* Try it
Please give back each line of the material unchanged, but without the images.

* Available data
***

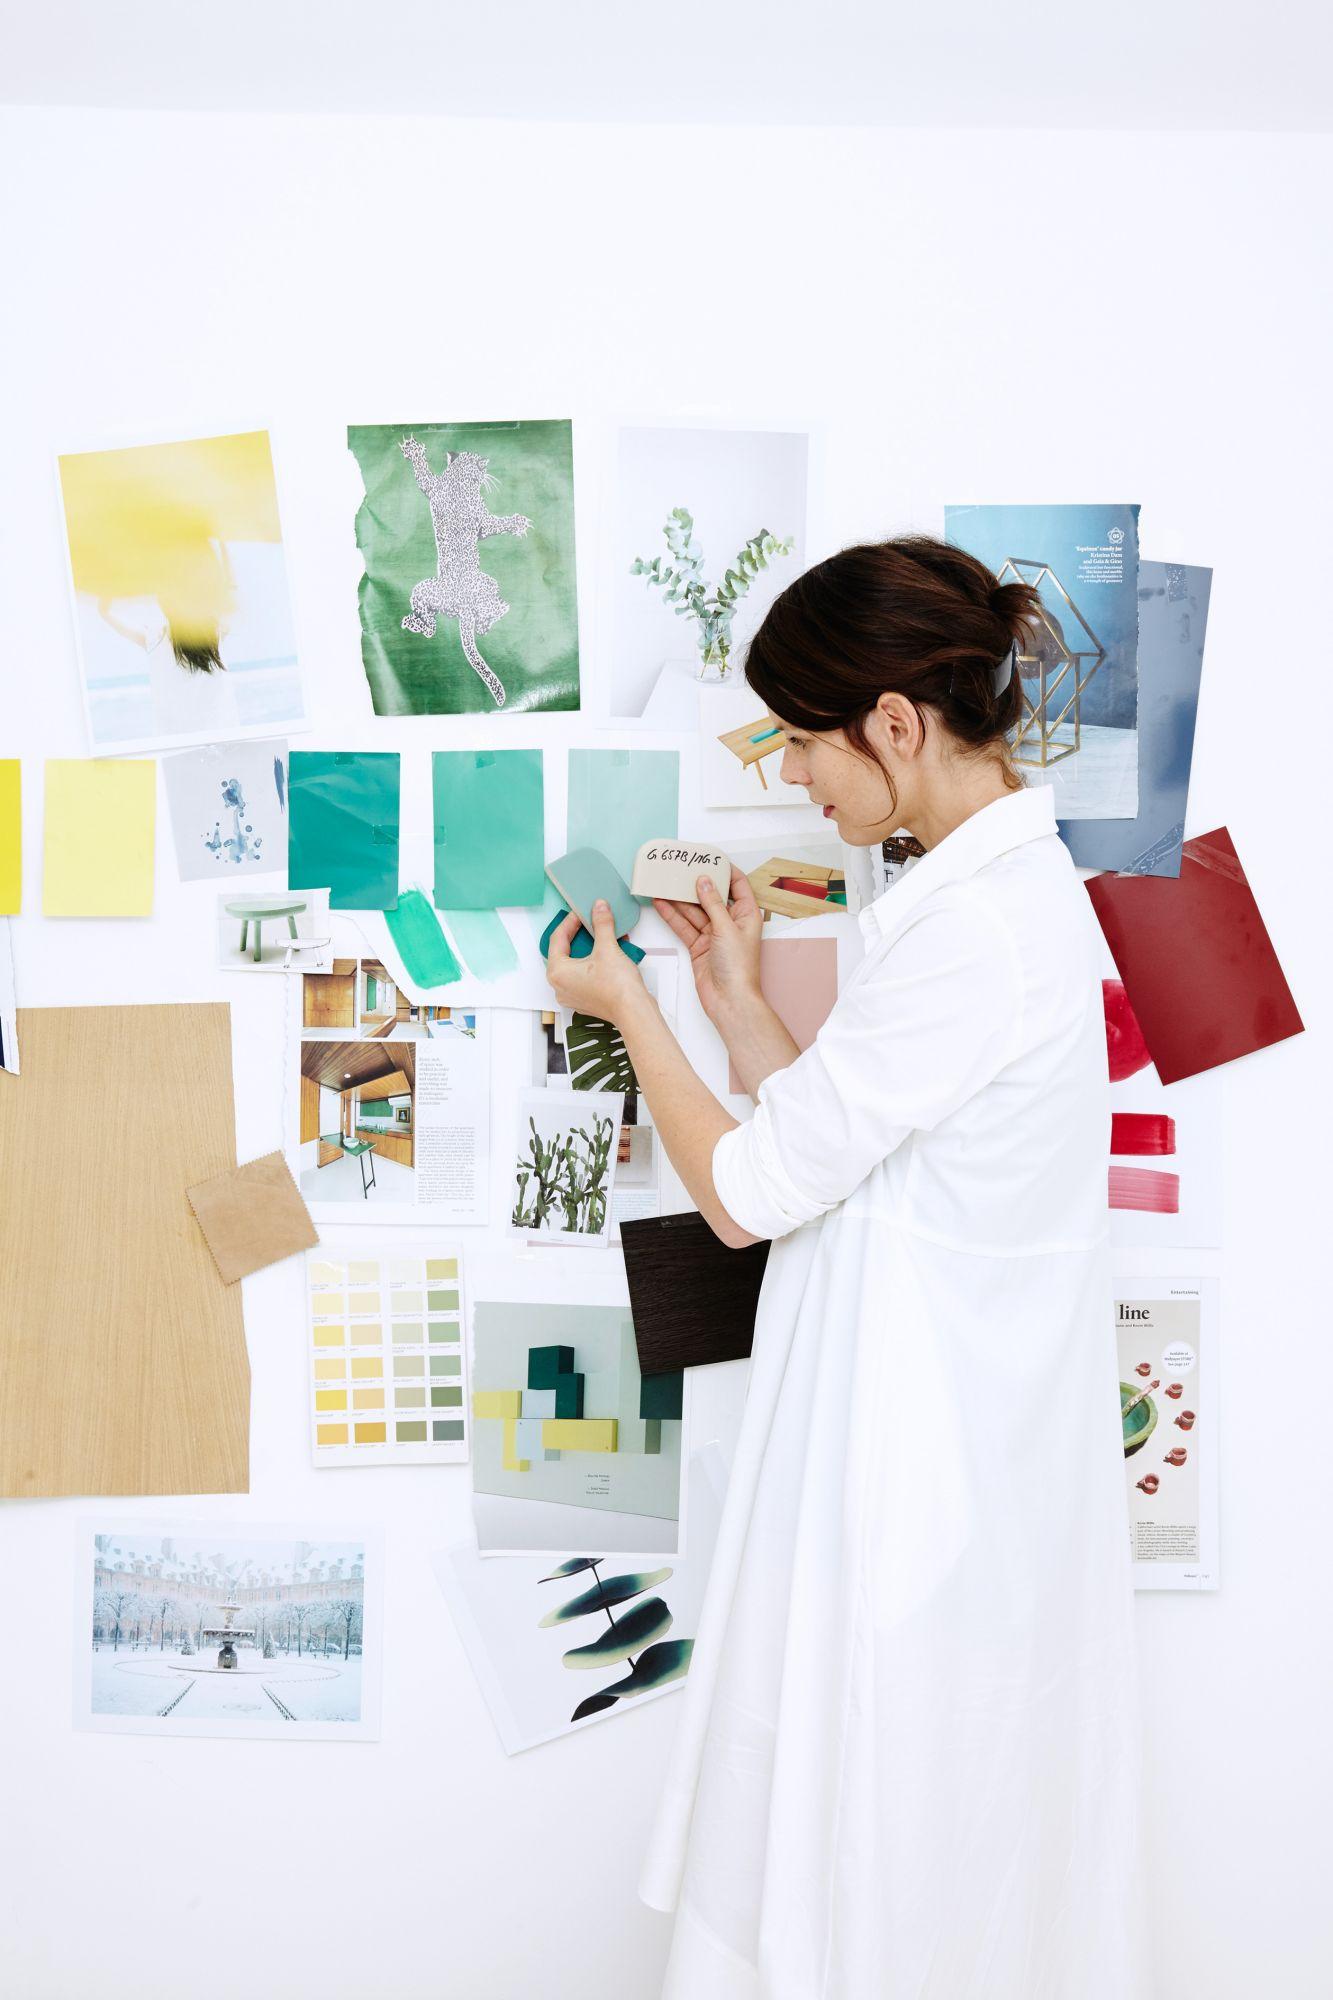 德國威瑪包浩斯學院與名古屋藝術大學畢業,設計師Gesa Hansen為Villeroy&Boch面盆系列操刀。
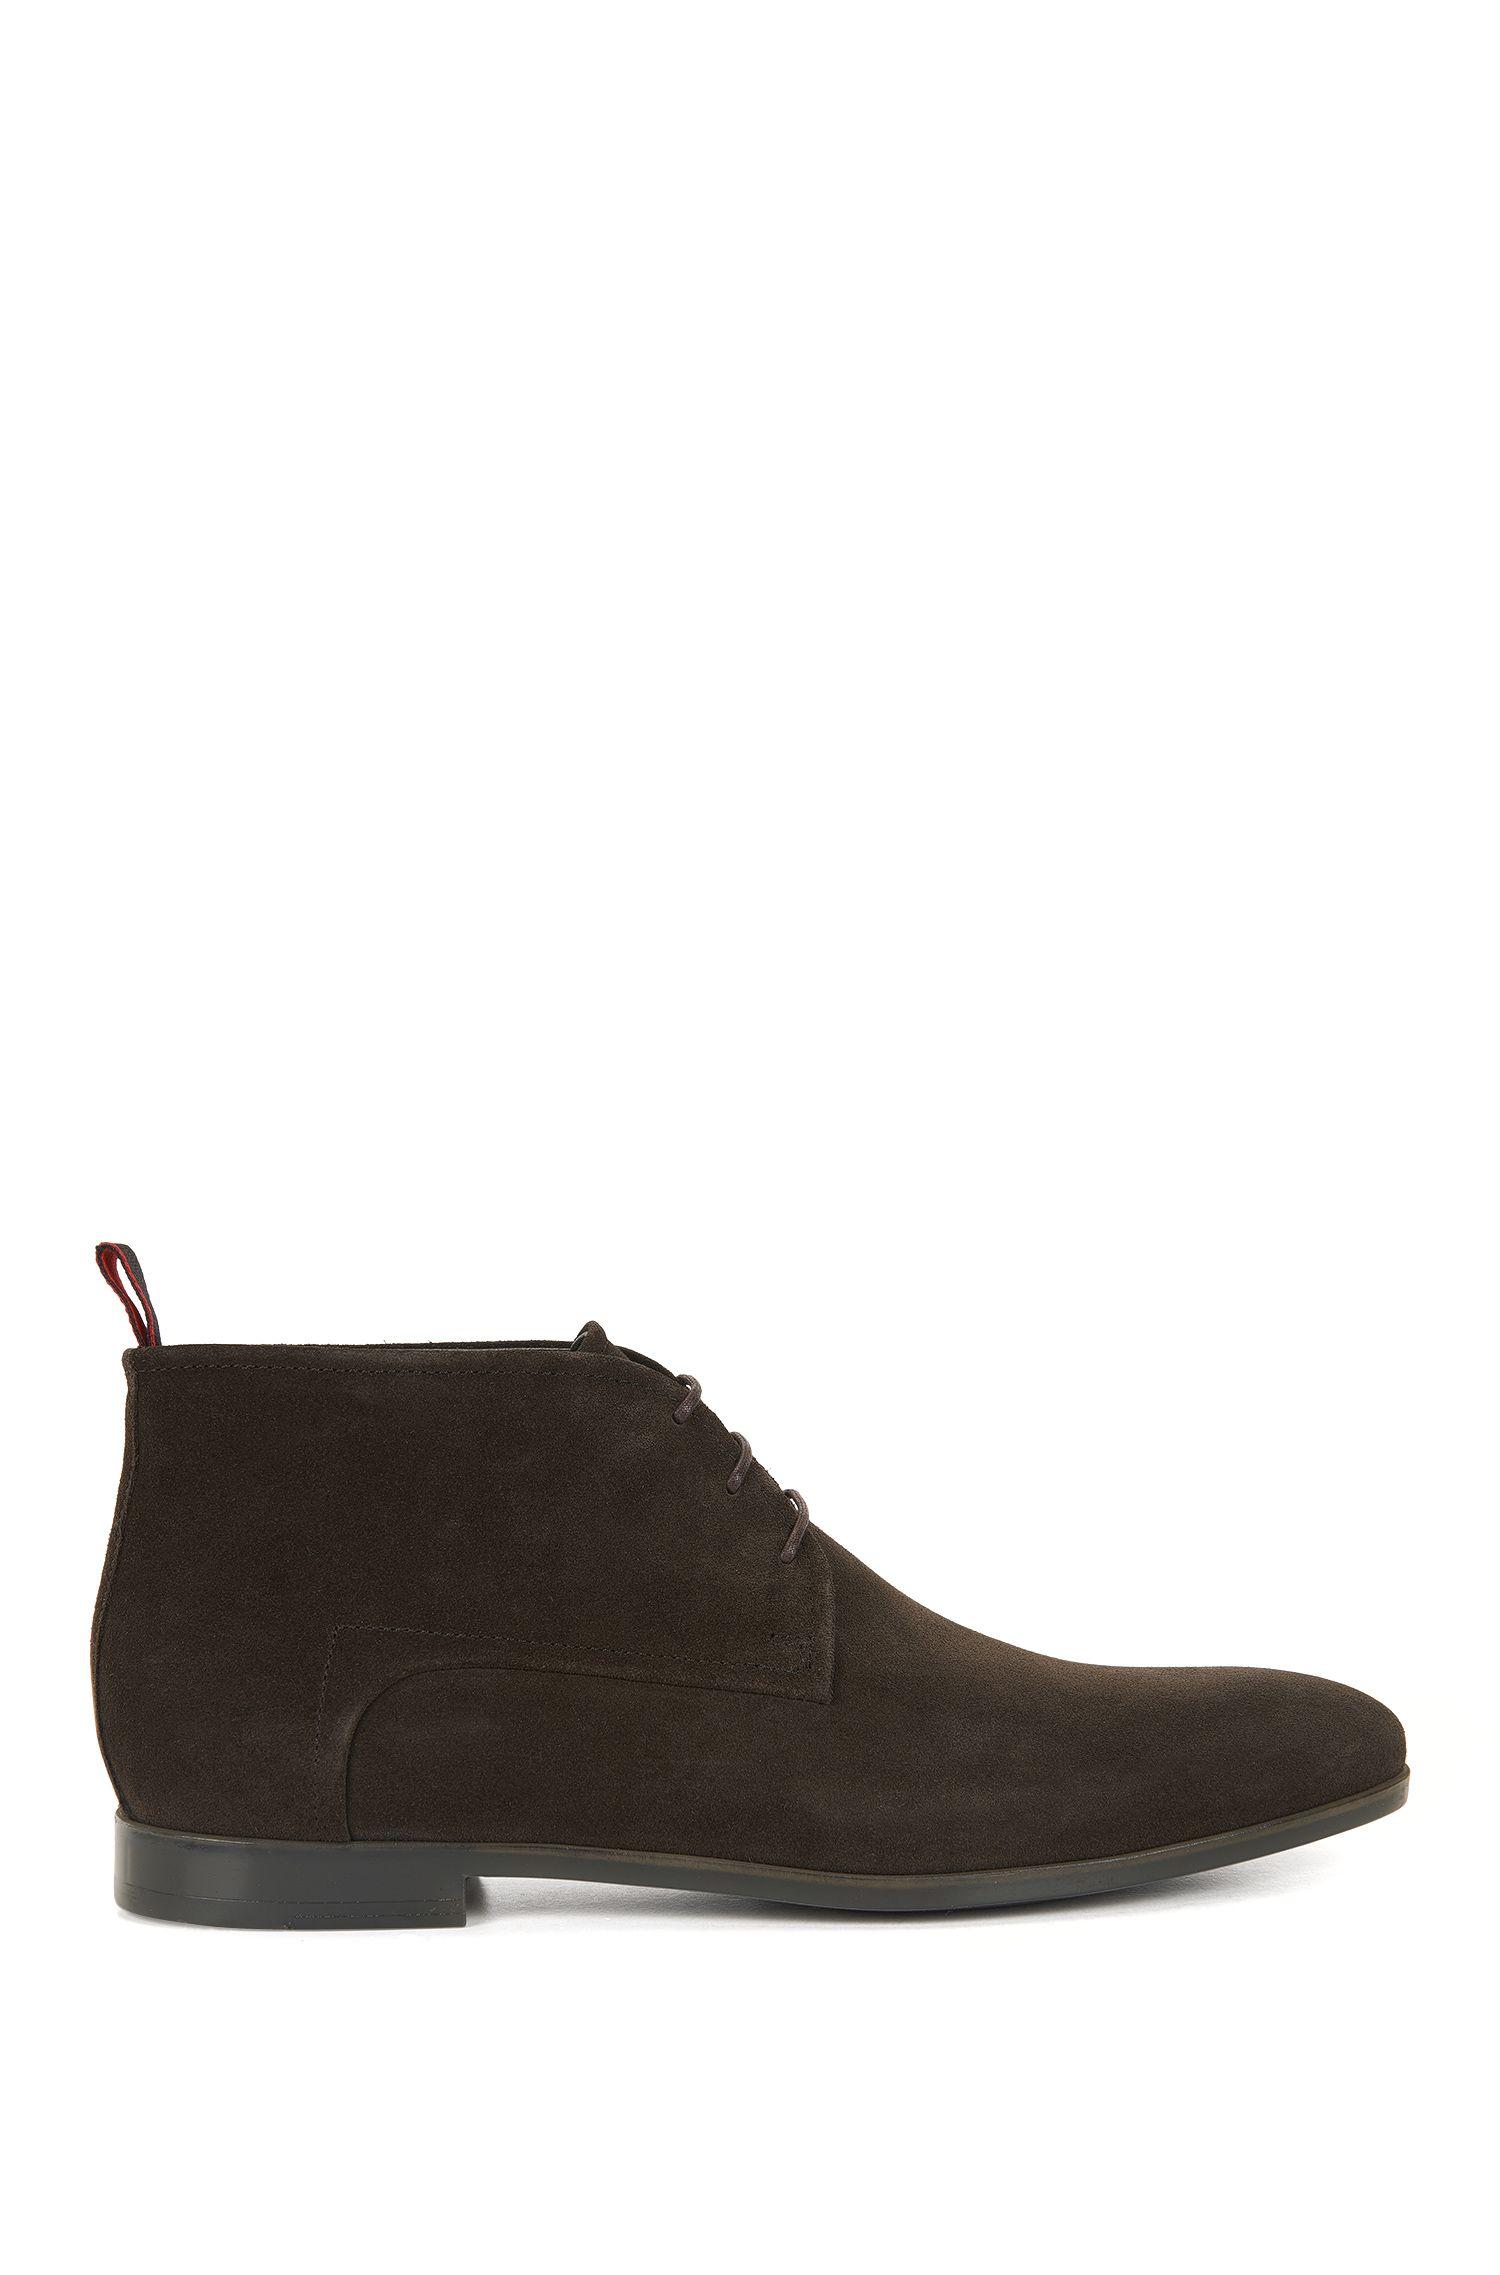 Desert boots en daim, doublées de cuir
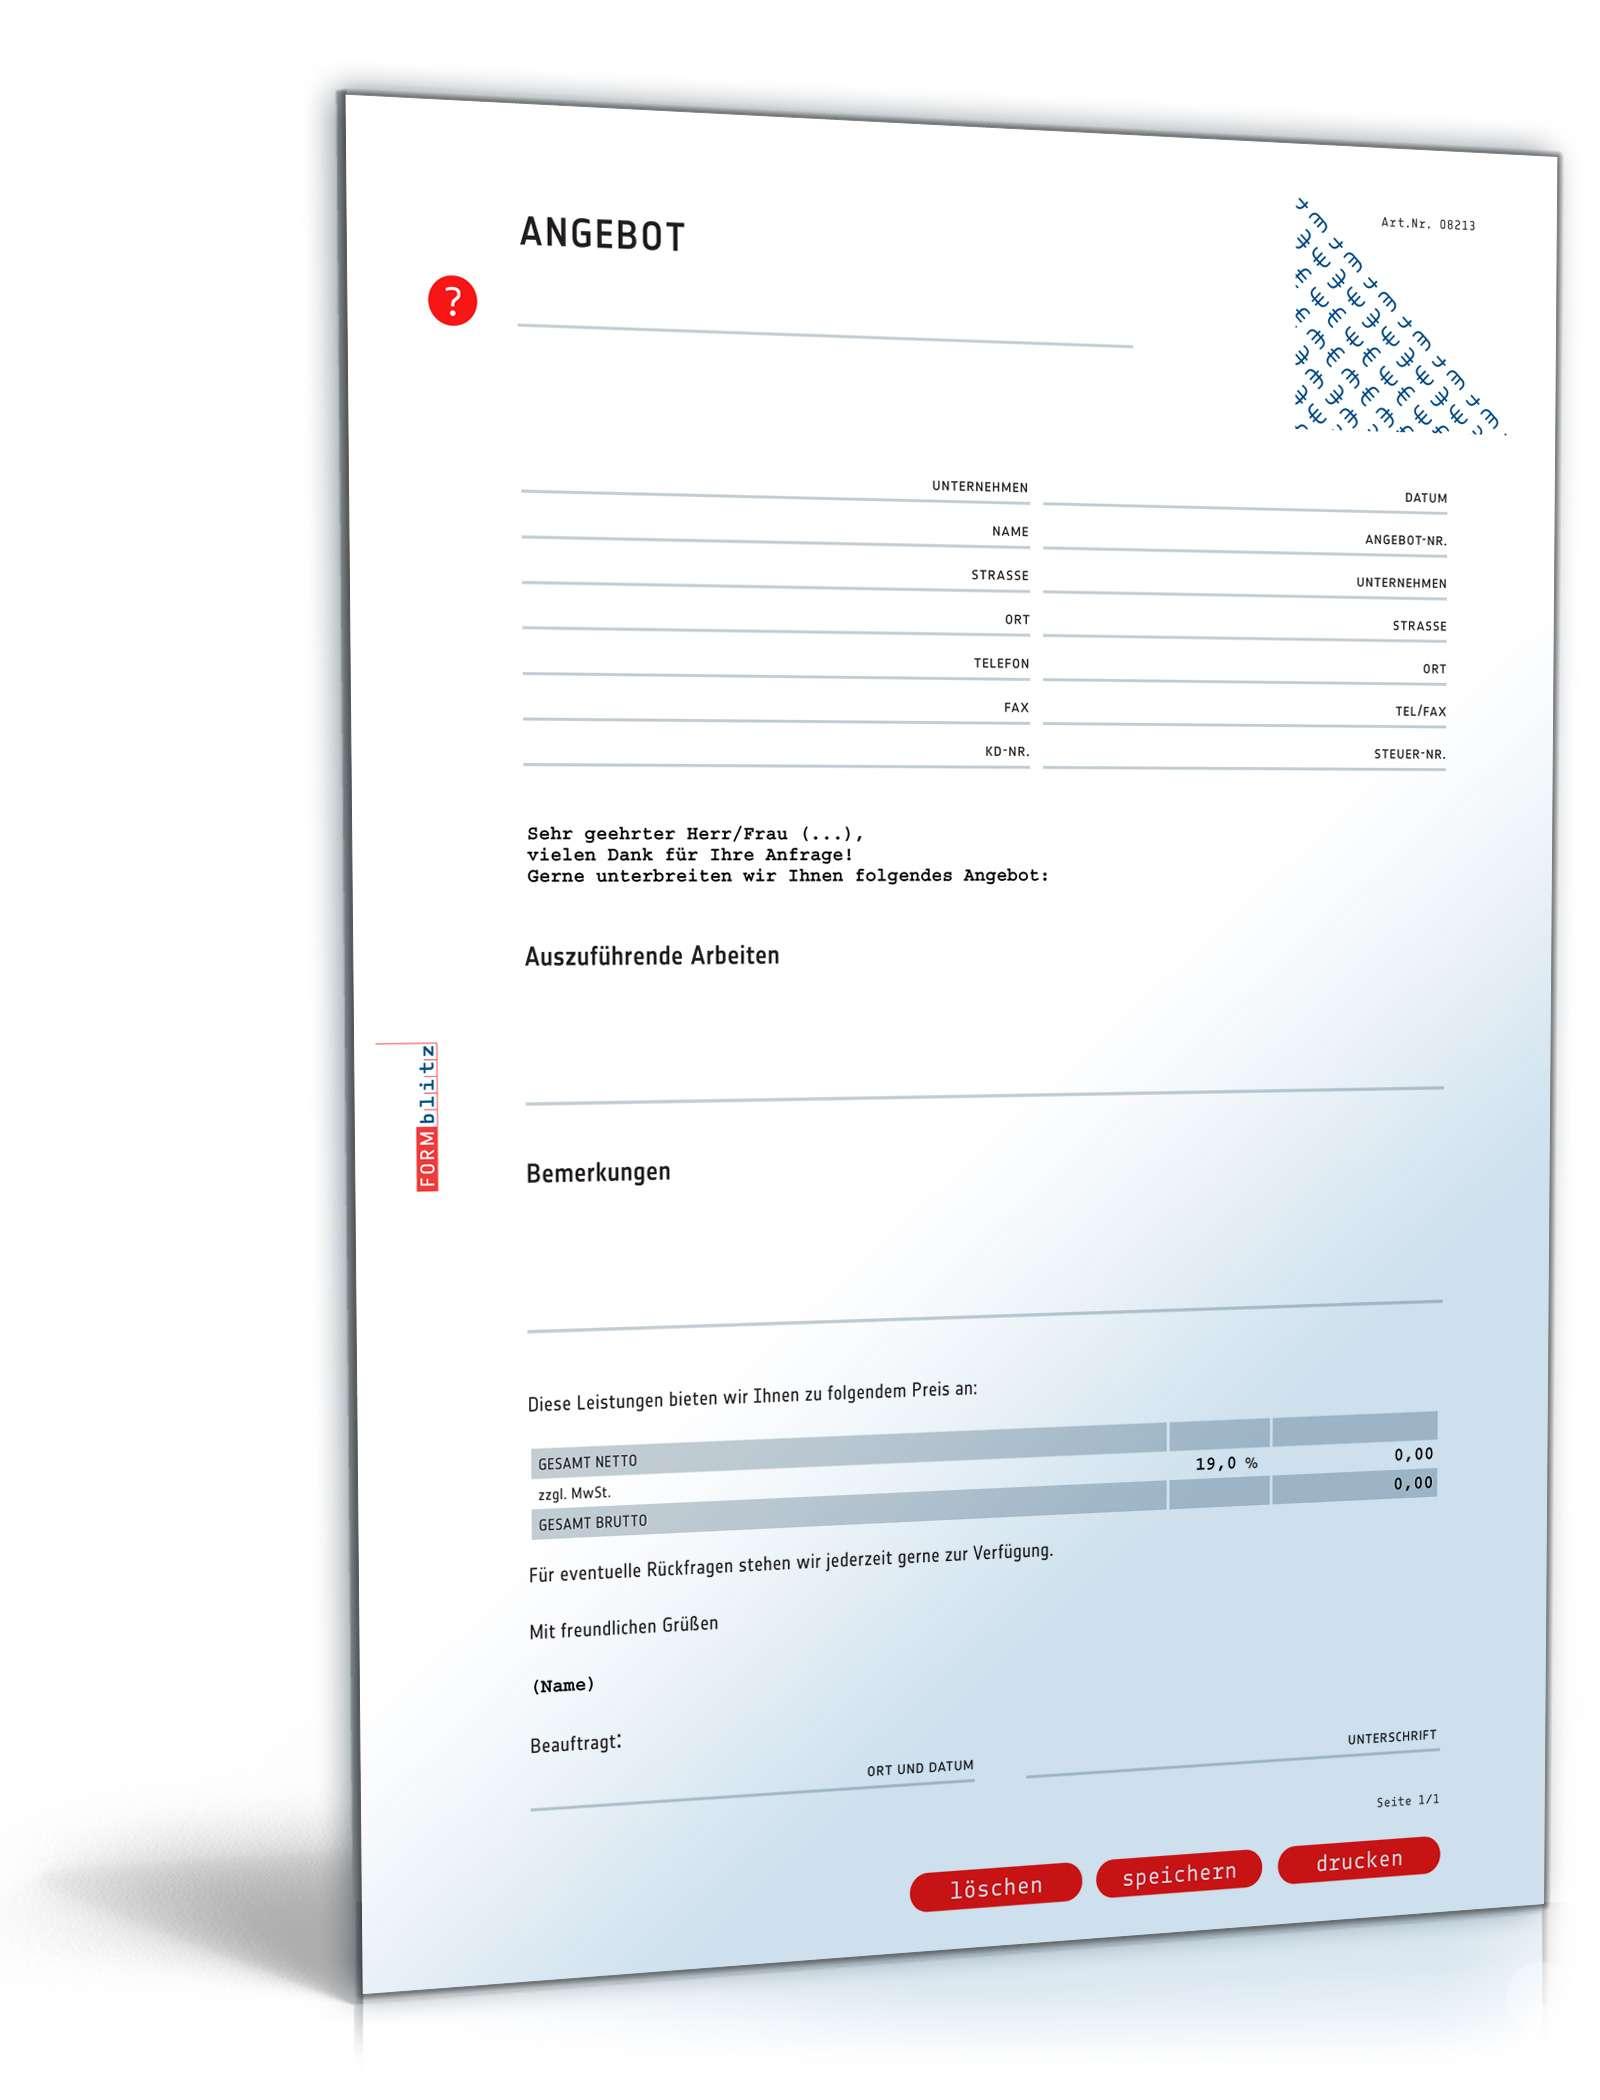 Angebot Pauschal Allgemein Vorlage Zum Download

***

* Answer for this exercise
 德國威瑪包浩斯學院與名古屋藝術大學畢業,設計師Gesa Hansen為Villeroy&Boch面盆系列操刀。
 Desert boots en daim, doublées de cuir
 Angebot Pauschal Allgemein Vorlage Zum Download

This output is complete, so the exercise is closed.